Umm, yes, there was.
"A lot of things went wrong," Ditchfield wrote, "including enemy dug in on the hilltop and a major NVA force getting behind us. I lost 20 men that day and was fully expecting to join that number."
But Spc. Gordon Roberts showed up. He was 19 years old but had already received a Silver Star and a Bronze Star, in addition to earning the awesome nickname of "Bird Dog."
"Here's this guy from the other company dodging from tree to tree just like in the movies," Ditchfield told me on the phone Wednesday. "He had his rifle shot out of his hand, so he picked up another one and finished off the rest of them."
For his actions that day, Roberts would later receive the Medal of Honor from President Nixon.
You can read the citation online. It's gripping stuff. Bird Dog destroyed three enemy machine gun nests through a combination of crawling, running, shooting and grenade-tossing. Then he moved wounded soldiers to an evacuation area, all under heavy fire and all "with complete disregard for his safety."
Ditchfield got his first Purple Heart from RPG shrapnel. He saw his battalion commander killed, along with the medics who were trying to save him.

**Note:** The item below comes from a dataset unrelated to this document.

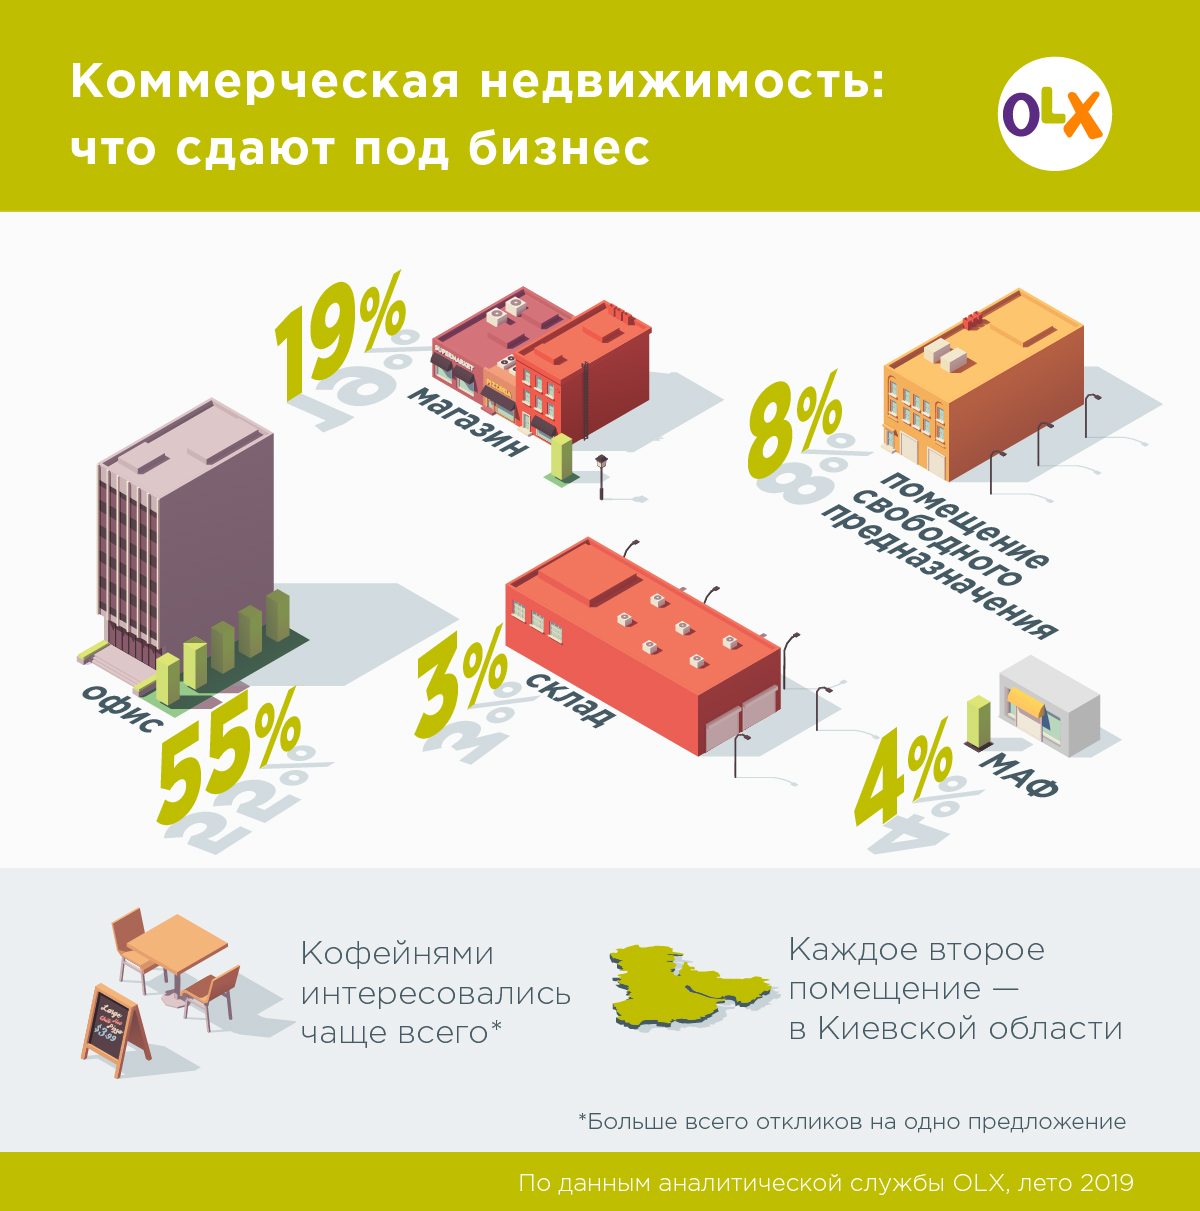 OLX_Офисы, магазины и МАФы - что сдают под бизнес в Украине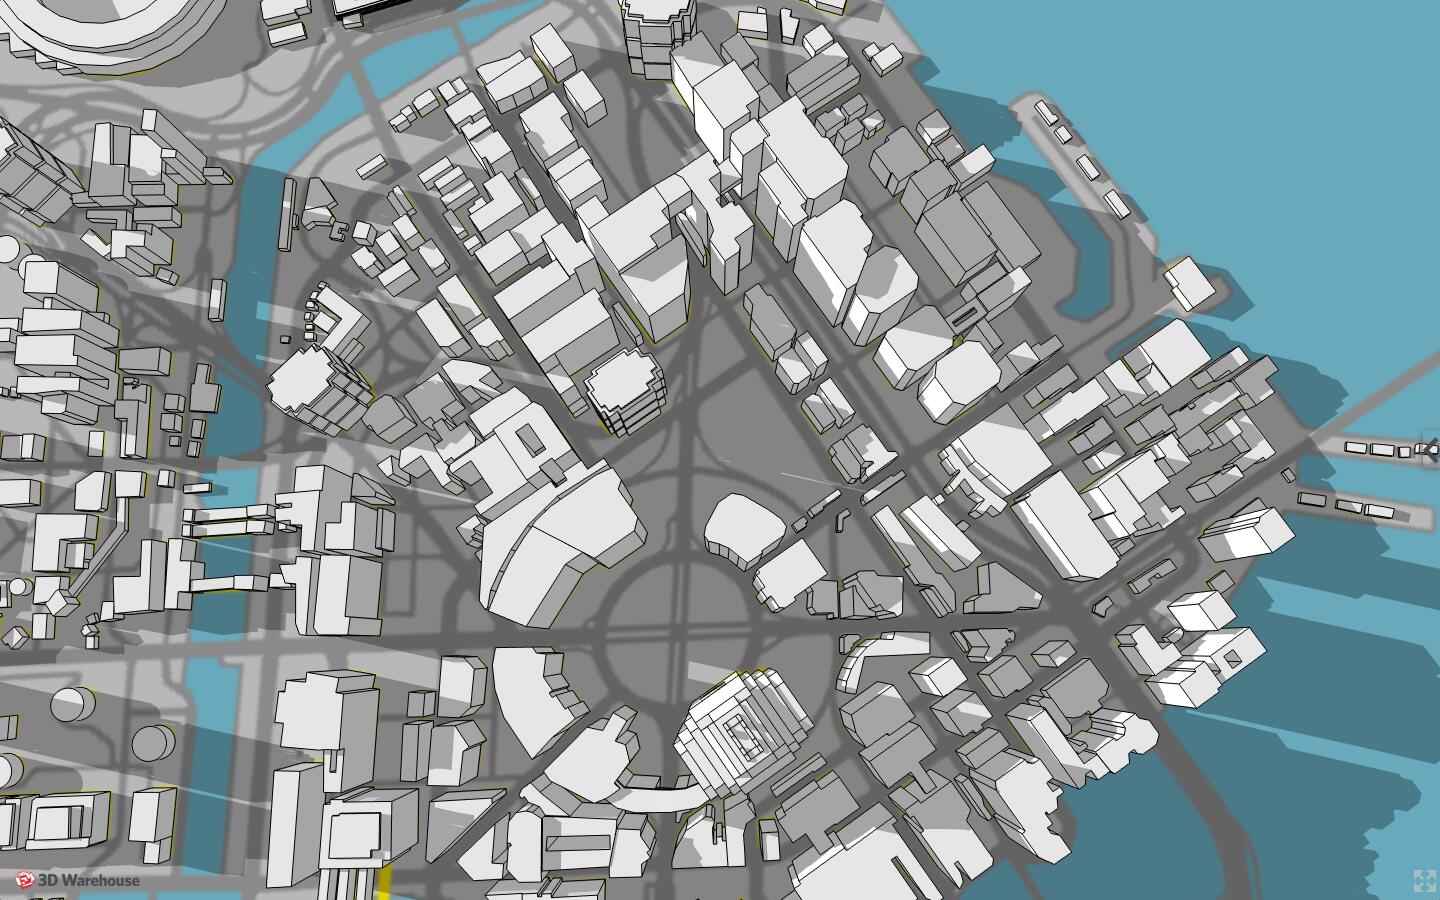 粉丝自制《赛博朋克2077》3D地图模型 展示夜之城

In all, Ditchfield would narrowly escape death seven times in Vietnam, he said. "You do the best you can, what you think is right," he told me, "and you don't panic."
Roberts went home to Ohio, got his degree and started a family. After an 18-year career in social work, he entered active duty as an officer and has since reunited with Ditchfield several times at Fort Benning.
And me?
Well, I told a story about watching grass grow and in return I got a story about heroes.
Pretty good deal, huh?
Dimon Kendrick-Holmes, executive editor, dkholmes @ledger-enquirer.com
This story was originally published June 5, 2015 at 10:26 PM with the headline "Dimon Kendrick-Holmes: Now here's a better story."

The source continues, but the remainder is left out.